_EXERCISE PROMPT:_
Would you write out the lines below exactly, from the one containing "Hendrik Tordjo Suriname" to the very last, but without the pictures?

_SUPPLIED INFORMATION:_
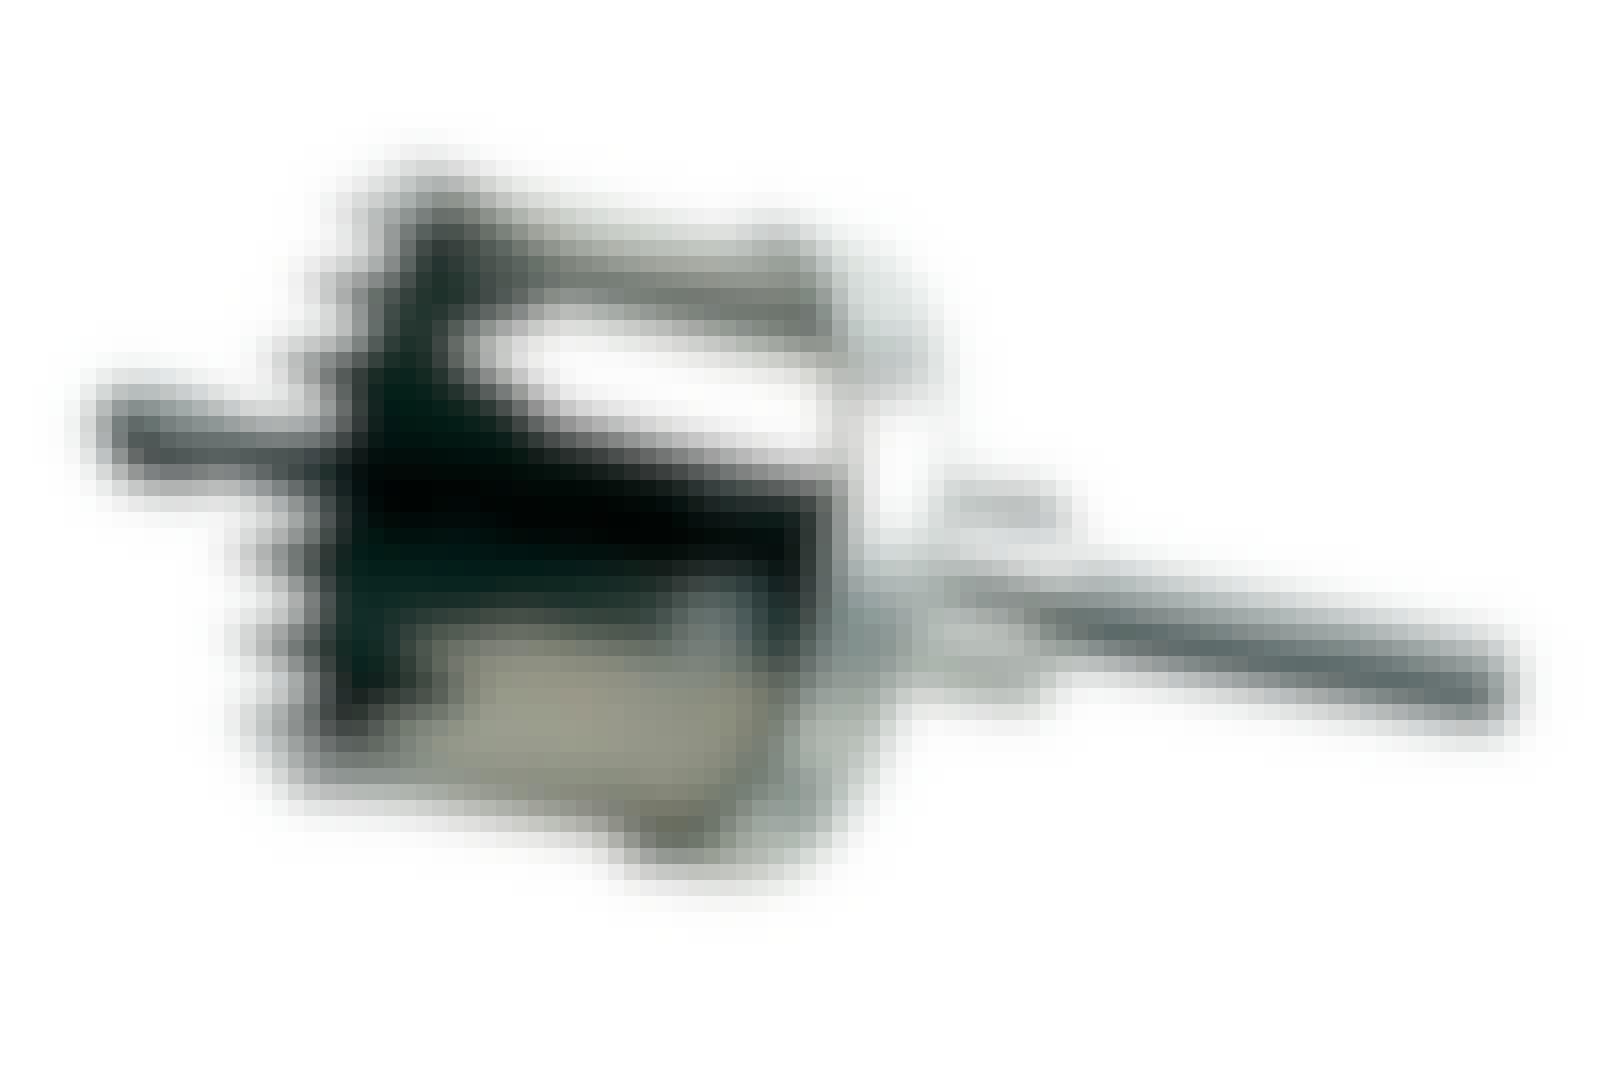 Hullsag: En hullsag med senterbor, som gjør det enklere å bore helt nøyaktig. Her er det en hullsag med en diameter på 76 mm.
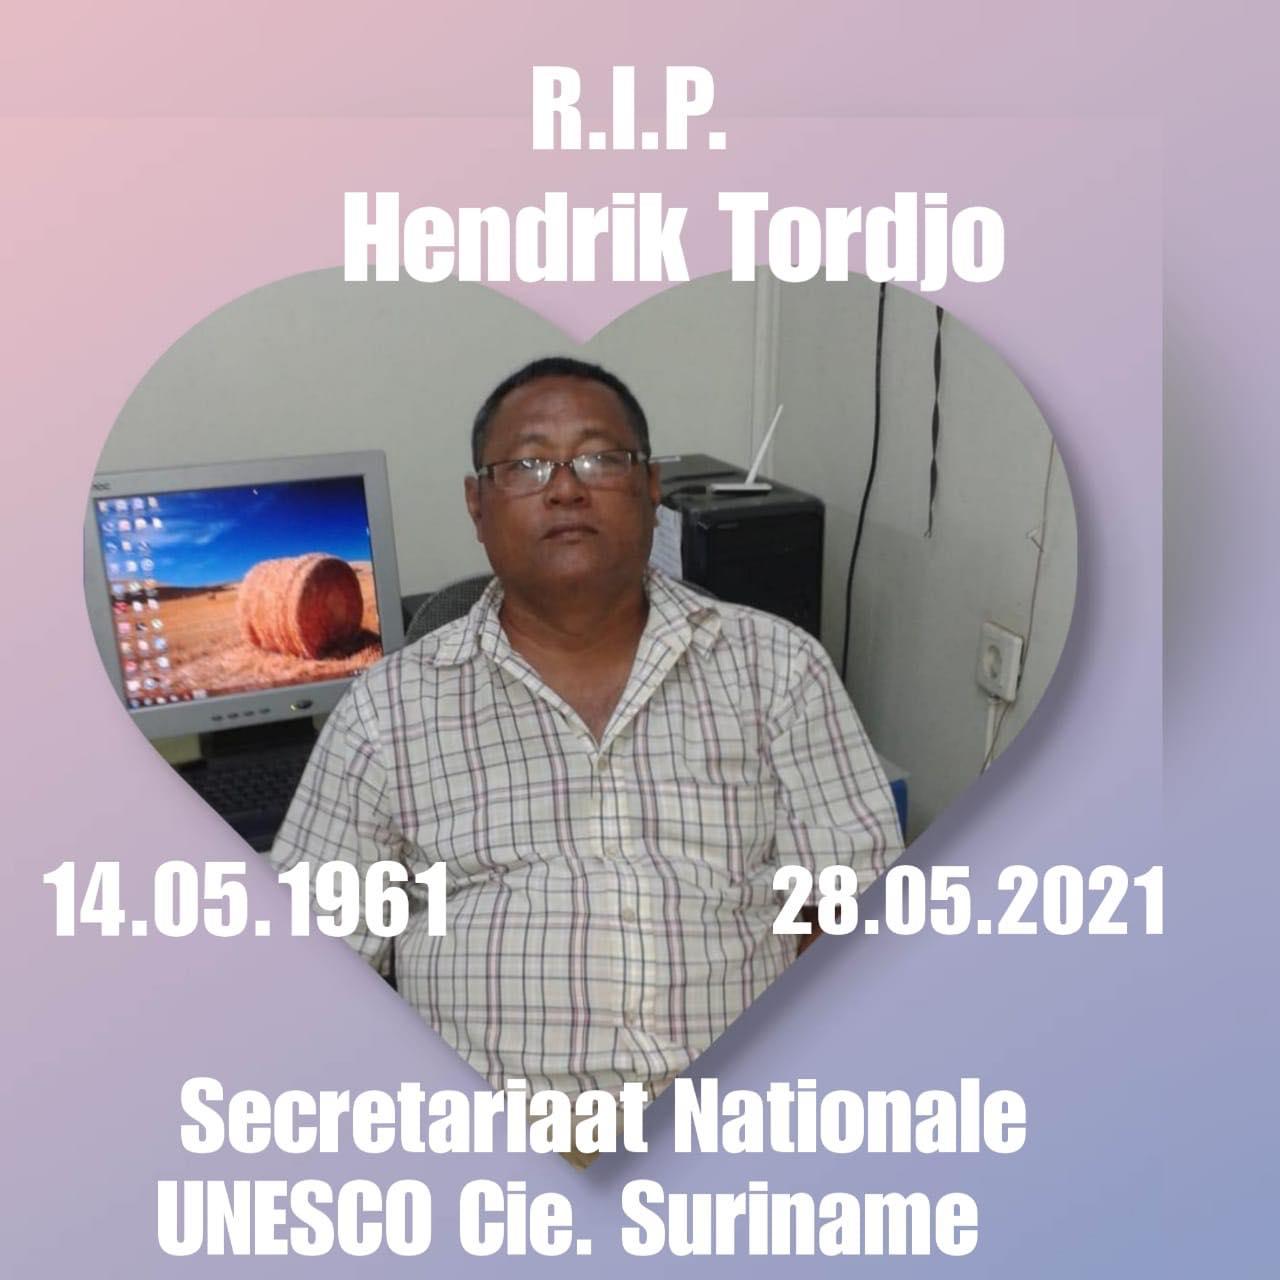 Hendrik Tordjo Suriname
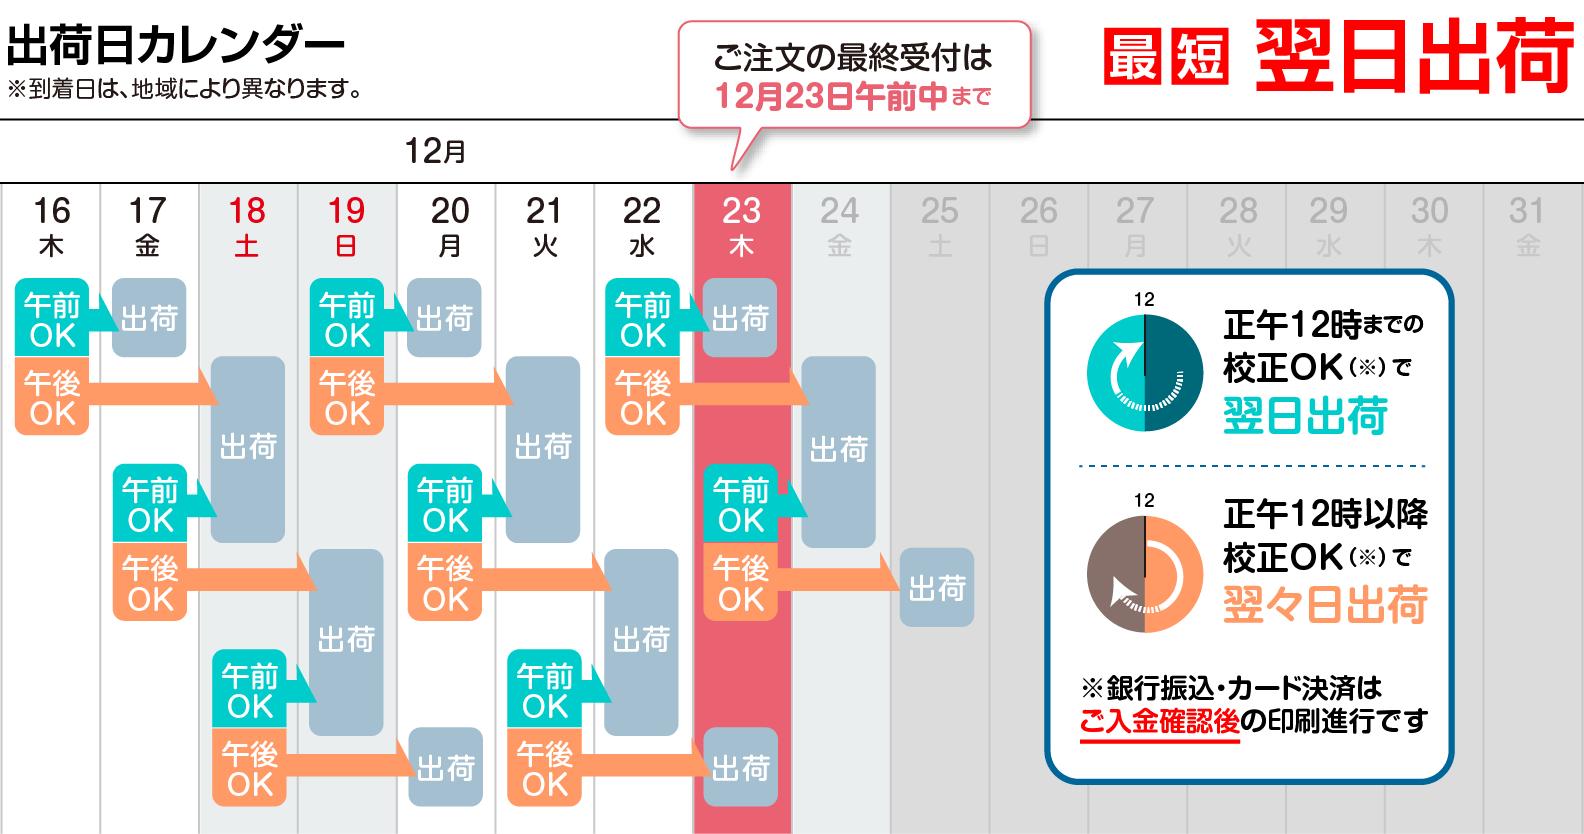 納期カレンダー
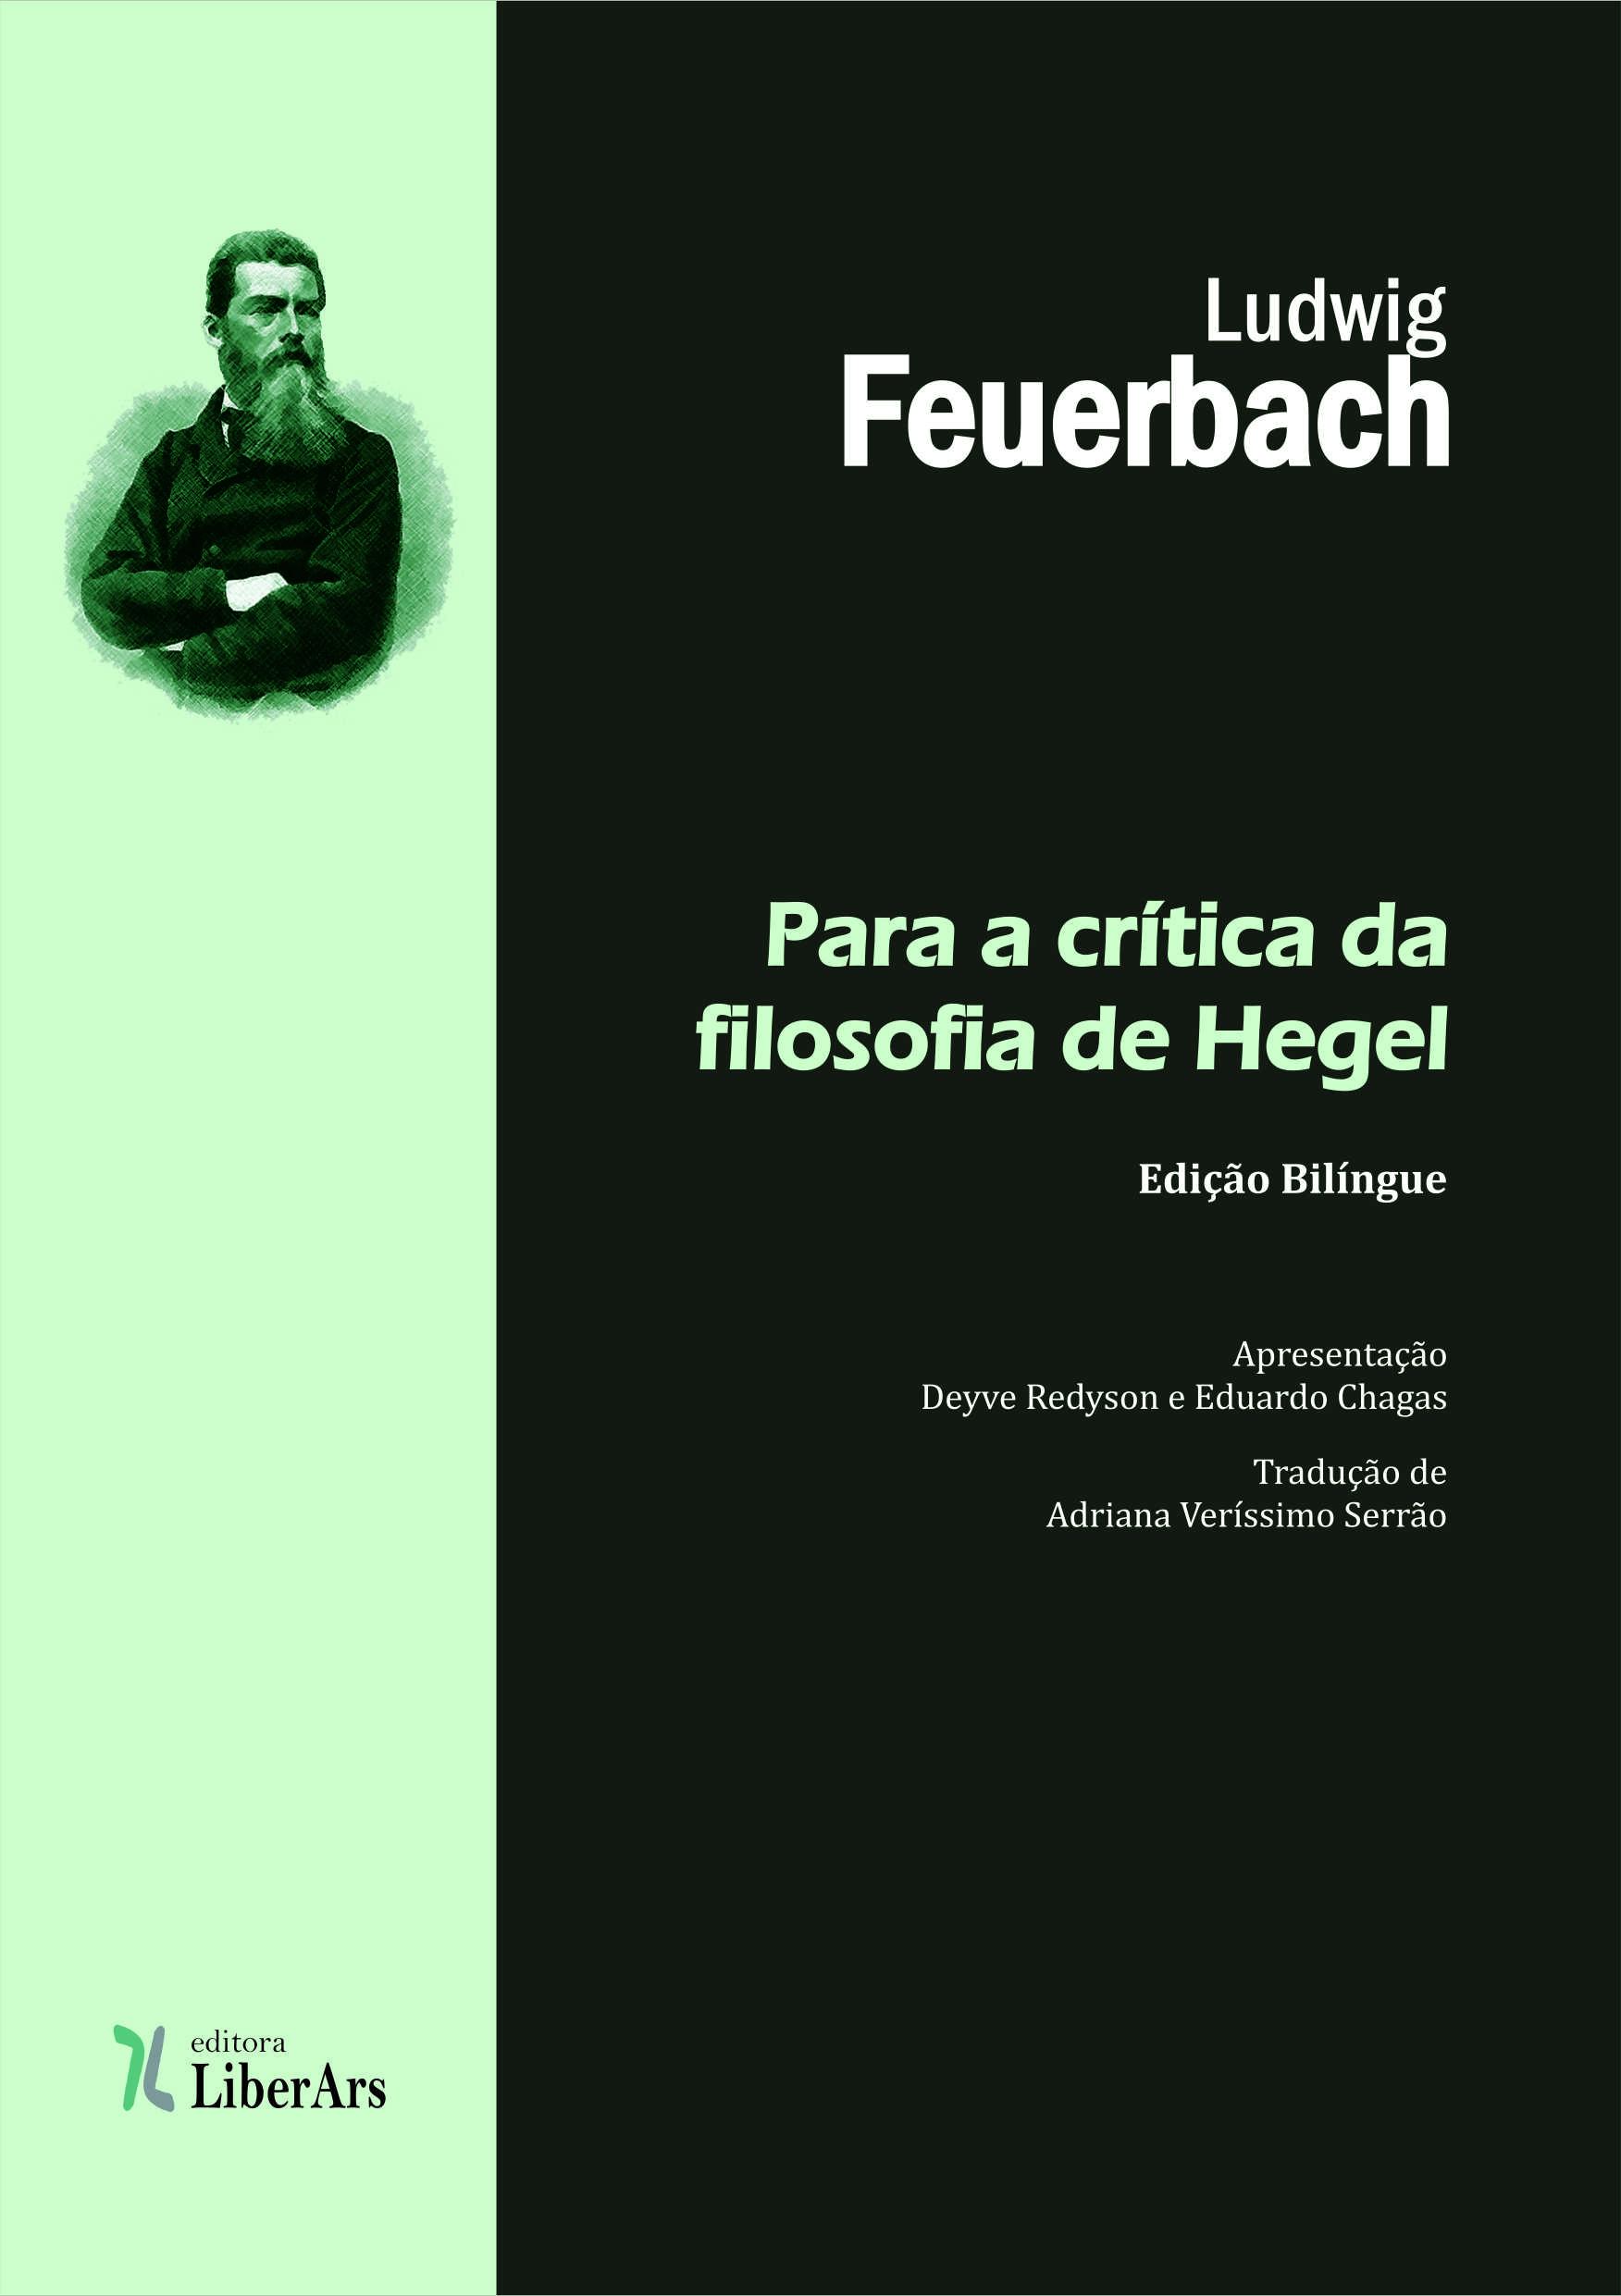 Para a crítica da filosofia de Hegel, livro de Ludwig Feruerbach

_REPLY TO THE TASK:_
 Hendrik Tordjo Suriname
 納期カレンダー
 Para a crítica da filosofia de Hegel, livro de Ludwig Feruerbach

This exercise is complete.